⚡ Claude Token Optimization2026-06-26 — Smoke Claude

## Target Workflow: `Smoke Claude`

**Source report:** #5555
**Workflow file:** `.github/workflows/smoke-claude.md`
**Estimated cost per run:** ~53.5 AIC (instrumented avg; USD/token data unavailable — AIC only)
**Total AIC today:** 749.0 units across 16 runs (14 instrumented)
**Actions minutes today:** 85 min total (~5.3/run avg)
**GitHub API calls today:** 72 total (avg 4.5/run)
**LLM turns:** 1–2 (estimated); `max-turns: 8` still configured ⚠️
**Previous issue:** #5477 (closed 2026-06-25 — all 3 recommendations remain unimplemented)

---

## Current Configuration

| Setting | Value |
|---------|-------|
| Model | `claude-haiku-4-5` |
| Tools loaded | 1 — `bash` only |
| Tools actually used | 1 — `bash` |
| GitHub tools | `false` (disabled ✅) |
| Pre-agent steps | Yes — 5 steps ✅ |
| Prompt body size | ~800 chars (concise ✅) |
| `max-turns` | **8** ⚠️ carry-over from #5477 |
| Pre-fetch step scope | All triggers (schedule + PR) ⚠️ |
| Prompt HTML comment | 8-line developer note in agent context ⚠️ |

The workflow is fundamentally well-structured (minimal tools, heavy pre-computation).
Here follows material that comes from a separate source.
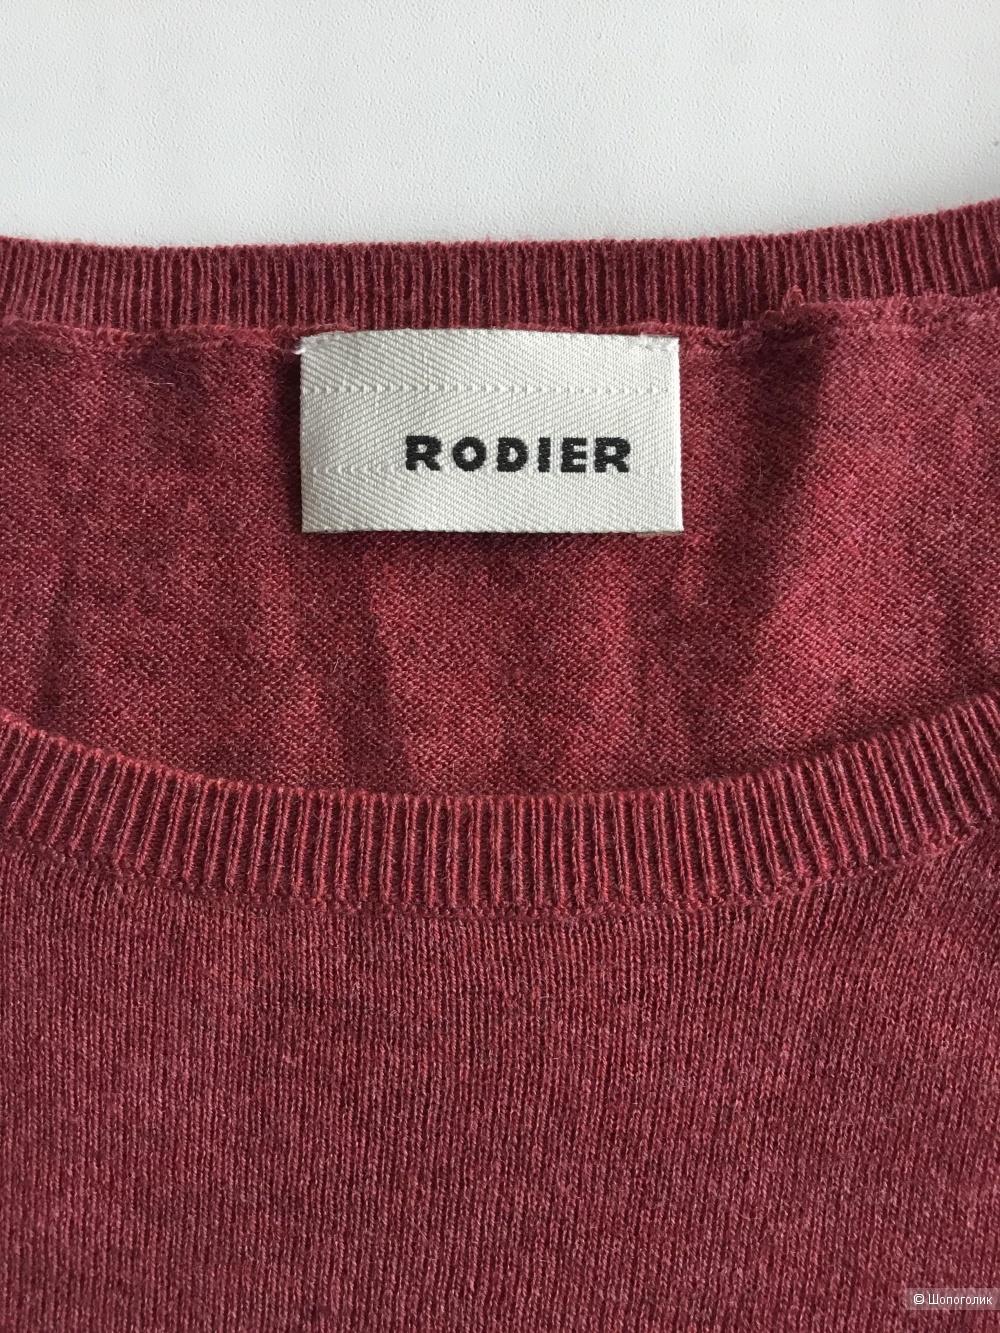 Кофточка  Rodier 44- 46 размер

Three carry-over items from #5477 remain unimplemented. Additionally, one new optimization opportunity was identified from today's bimodal AIC analysis.

---

## Recommendations

### 1. Reduce `max-turns: 8` → `max-turns: 2` *(carry-over from #5477)*

**Estimated savings:** ~15–25% AIC reduction on multi-turn runs; caps the bimodal high-cost group

The smoke test workflow requires at most 2 agent turns:
1. `bash`: `cat /tmp/gh-aw/agent/final-result.json`
2. `safeoutputs`: `add_comment` / `noop`

The current ceiling of 8 allows 6 unnecessary turns. Today's bimodal AIC data shows 4 runs at ~37 AIC and 10 runs at ~61 AIC — a **65% premium** on the high-cost group. While the root cause is not fully isolated, `max-turns: 8` means that if the model retries or re-reads the JSON, AIC compounds with no upside. Reducing to 2 eliminates the retry tail entirely.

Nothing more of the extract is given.